Qual è la decorrenza dei giorni di permesso per lutto?
L’art.47 del CCRL prevede, al comma 1, che il dipendente, in caso di “lutti per coniuge
o convivente stabile, parenti entro il secondo grado ed affini di primo grado”, ha diritto
di assentarsi nell’anno solare per tre giorni per evento, senza precisarne la decorrenza.
In assenza di una specifica previsione contrattuale, si ritiene che per le modalità di
fruizione di tali permessi possa correttamente farsi riferimento alla disciplina contenuta
nel “Regolamento recante disposizioni di attuazione dell’articolo 4 della legge 8 marzo
2000, n.53, concernente congedi per eventi e cause particolari” adottato dal Ministro
per la Solidarietà Sociale di concerto con i Ministri della Sanità, del Lavoro e della
previdenza sociale e per le Pari Opportunità con il Decreto n.278 del 21 luglio 2000.

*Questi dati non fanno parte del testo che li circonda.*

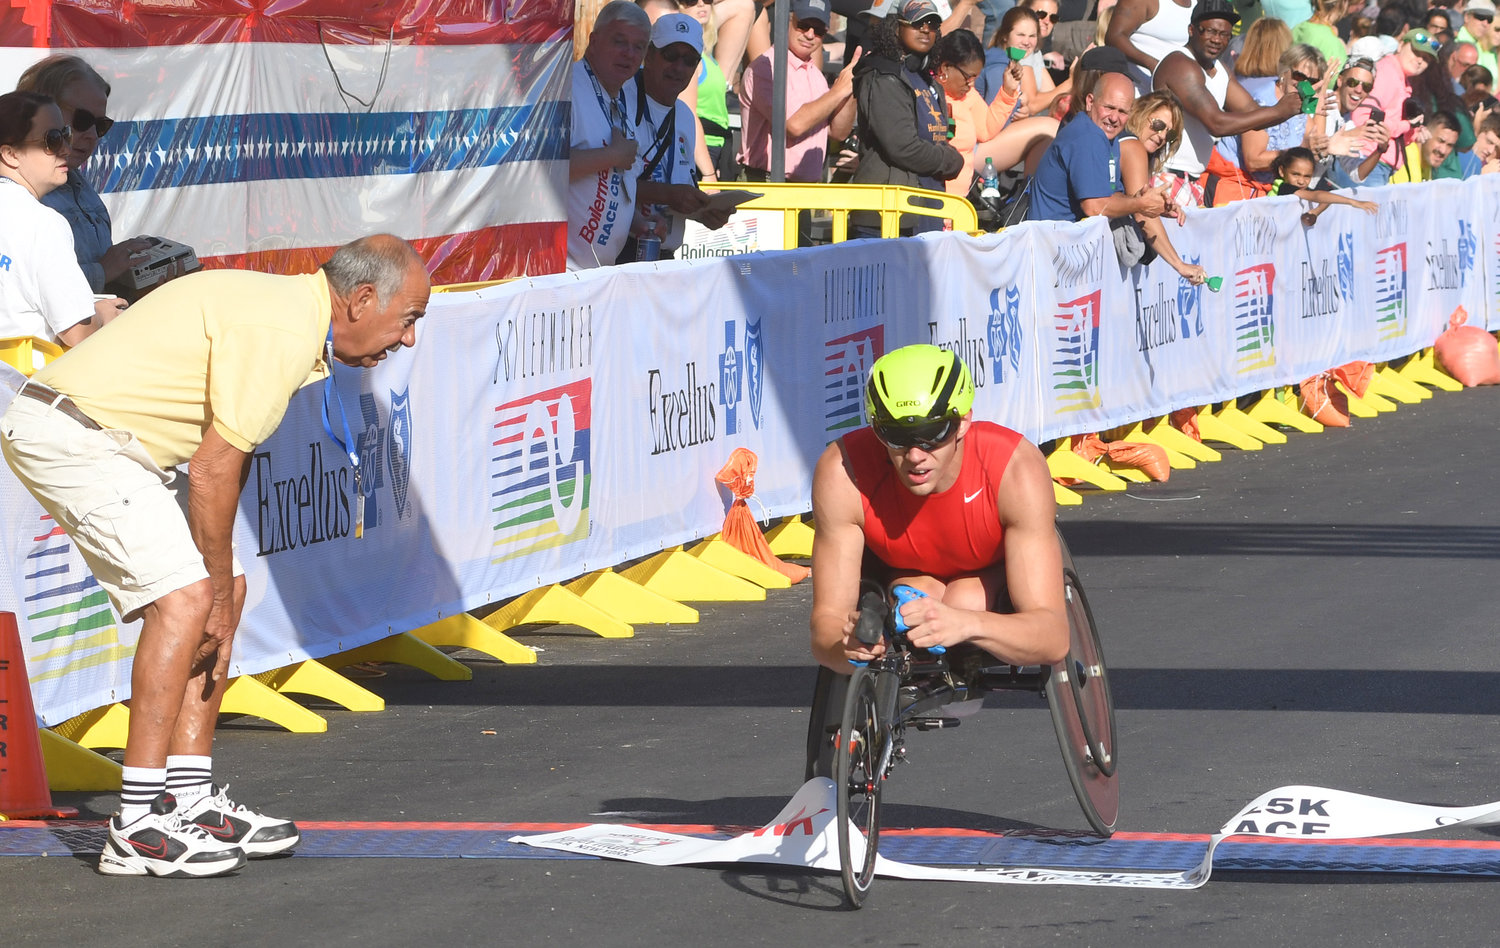 Daniel Romanchuk is a four-time winner in the Boilermaker Road Race's wheelchair division. Romanchuk, a standout athlete, is in the Boilermaker field again. The field includes 38 participants, which is one of the bigger fields for the division at the Boilermaker. There are 10 female participants, which is among the most the race has had.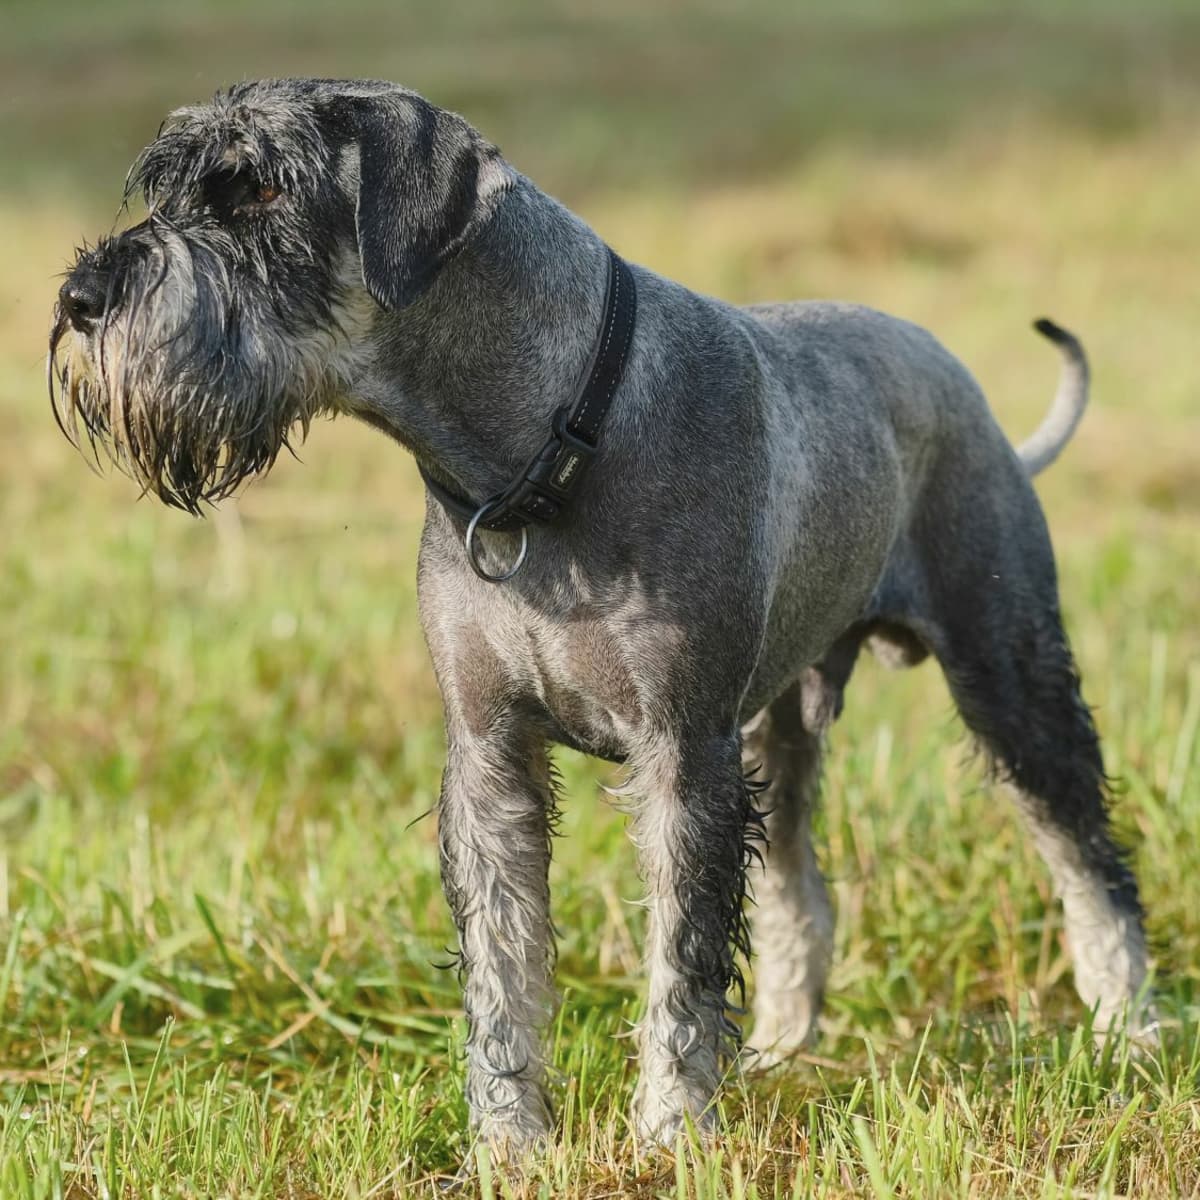 Standard Schnauzer Dogs are well known medium size dogs

I permessi retribuiti per eventi particolari quali il decesso del coniuge, di parenti o affini
sono disciplinati dai commi 2 e 3 dell’art.1 del suddetto Regolamento ove è stabilito, in
particolare, che il dipendente deve previamente comunicare al datore di lavoro
“l’evento che dà titolo al permesso” - da documentare comunque con la relativa
certificazione - e “i giorni nei quali esso sarà utilizzato”, che “i giorni di permesso
devono essere utilizzati entro sette giorni dal decesso” ed infine che “nei giorni di
permesso non sono considerati i giorni festivi e quelli non lavorativi”.
E’ possibile applicare l’istituto dei permessi retribuiti, disciplinato dall’art. 47 del
CCRL del comparto non dirigenziale, all’assenza dal servizio di un dipendente
nominato componente del consiglio di amministrazione di un consorzio
interregionale per partecipare alle riunioni dello stesso?
La fattispecie rappresentata non è compresa tra le motivazioni per le quali possono
essere concessi i permessi retribuiti di cui all’art. 47 del CCRL.
L’incarico in questione appare configurarsi come incarico aggiuntivo soggetto ad
autorizzazione ai sensi dell’art. 53 del d.lgs. n. 165/2001 e da svolgersi fuori dall’orario
di lavoro o ricorrendo all’istituto delle ferie.
QUESITI:
art. 49 - Diritto allo studio
A quale Amministrazione si attesta la contrattazione collettiva integrativa con la
quale, ai sensi del comma 2 dell’art.49 del C.C.R.L., potranno essere previste
“ulteriori tipologie di corsi…”?
Il riferimento, di cui all’art.49 comma 2 del C.C.R.L., alla possibilità che con la
contrattazione integrativa siano previste “ulteriori tipologie di corsi”, è, ad avviso di
questa Agenzia, da intendersi alla contrattazione integrativa decentrata presso i singoli
Dipartimenti che, ferma restando la competenza del Dipartimento regionale del
personale sul controllo del limite del 3% del personale beneficiario dei permessi studio,
costituiscono la sede ove può essere correttamente valutata la rispondenza della
particolare attività formativa alla specificità dei compiti istituzionali della struttura, sulla
base dei criteri generali dettati dalla stessa norma contrattuale che ha definito la durata
(almeno annuale) e le finalità (conseguimento di particolari attestati, perfezionamento,
acquisizione di specifiche professionalità, formazione in materia di integrazione dei
soggetti svantaggiati sul piano lavorativo) degli ulteriori corsi.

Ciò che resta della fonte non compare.